Census year comparison
| Metric | 2010 | 2020 | Change |
|---|---|---|---|
| Rank | #8,060 | #8,093 | -0.4% |
| Count | 4,110 | 3,921 | -4.6% |
| Per 100K | 1.39 | 1.31 | -5.6% |
Between the 2010 and 2020 Census, the number of Tennyson bearers went from 4,110 to 3,921 (-4.6% change). The surname moved down 33 positions in the national ranking, going from #8,060 to #8,093.
FAQ
Name Census estimates that about 4,496 living Americans carry the surname Tennyson. Using the current population baseline, that works out to roughly 1 in 76,235 residents.
Tennyson ranks #8,093 in the 2020 Census surname tables and is classified on this site as "Rare." The Census recorded the name at a frequency of 1.31 per 100,000 residents, which is about 1 people out of every 100,000.
The raw 2020 Census file counted 3,921 people with the surname Tennyson. That is different from the site's living-bearer estimate (4,496), which projects the surname's present-day count by applying the Census frequency rate to the current U.S. population.
It is the Census Bureau's normalized frequency measure. A rate of 1.31 per 100,000 means that if you picked a random group of 100,000 U.S. residents, you would expect about 1 of them to have the surname Tennyson.
Between 2010 and 2020, the surname Tennyson went from 4,110 recorded bearers to 3,921. That is a decrease of 189 (-4.6%). In the national ranking it fell from #8,060 to #8,093.
Among Census respondents with the surname Tennyson, the largest self-reported group is White at 70.9%. The next largest groups are Black (18.6%) and Hispanic (4.7%). These figures come from the 2020 Census Bureau surname tables, based on how respondents described their own race and ethnicity.

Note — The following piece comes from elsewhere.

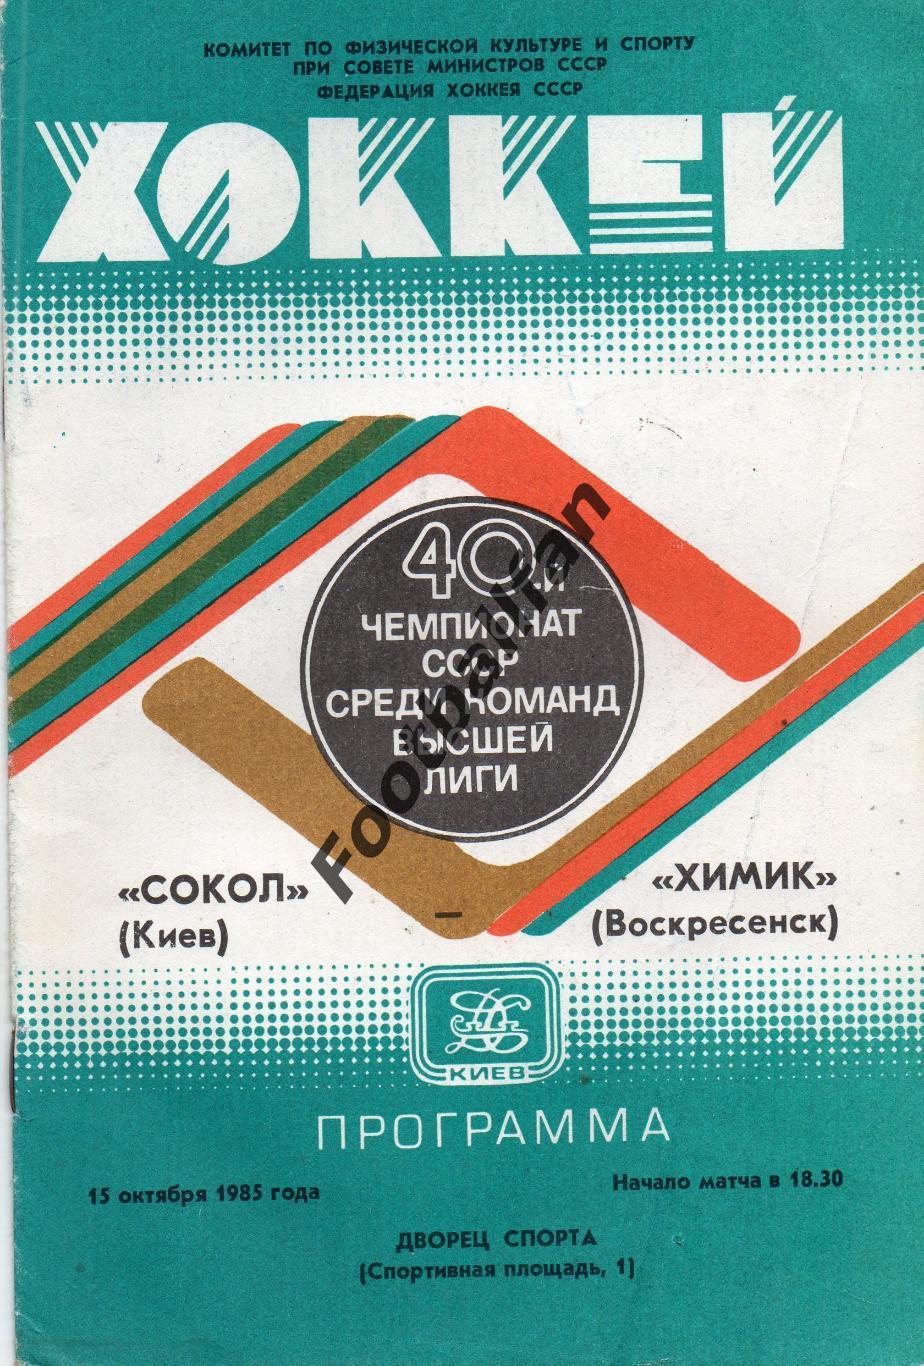 Сокол Киев - Химик Воскресенск 15.10.1985

White is the largest self-reported group for the surname Tennyson in the 2020 Census, accounting for 70.9% (2,781 people in the source table).
Tennyson appears across multiple self-reported groups in the Census data. The largest shares in the 2020 file are White (70.9%), Black (18.6%), Hispanic (4.7%). For 2020, the source file also published raw headcounts for each group, which is why this page can show both percentages and counts in the ancestry section.
Yes. This page is using the latest surname file currently loaded on Name Census, which is 2020. The historical section above also keeps any older Census surname entries we have for Tennyson (2000, 2010, 2020).
No. The Census Bureau only publishes surnames that appeared at least 100 times in a given decennial Census. That means very rare surnames are excluded entirely, and a surname can appear in one Census release but disappear from a later one if it falls below the reporting threshold.
There are two main reasons: rounding and suppression. The Census Bureau rounds published values, and it may suppress very small cells to protect privacy. For 2020, the Bureau also published raw group counts rather than direct percentages, so Name Census converts those counts back into shares for comparability across census years.
A patronymic surname derived from the given name Dennis, meaning "follower of Dionysus" or "god of wine." The fuller origin note on this page goes into more detail.
All surname statistics on Name Census are drawn from the US Census Bureau's decennial surname frequency tables. These files list every surname that appeared 100 or more times in the 2020 Census, along with a count, a per-100,000 rate, and a self-reported demographic breakdown. You can read the full explanation on our methodology page.
For surnames, Name Census does not age cohorts the way it does for first names. Instead, it takes the Census Bureau's published frequency for Tennyson (1.31 per 100,000) and applies that rate to the current U.S. resident population to estimate how many living Americans have the surname today.
For a quick modern estimate, our sister site HowManyOfMe.org answers that in one glance, with the living-bearer count front and centre.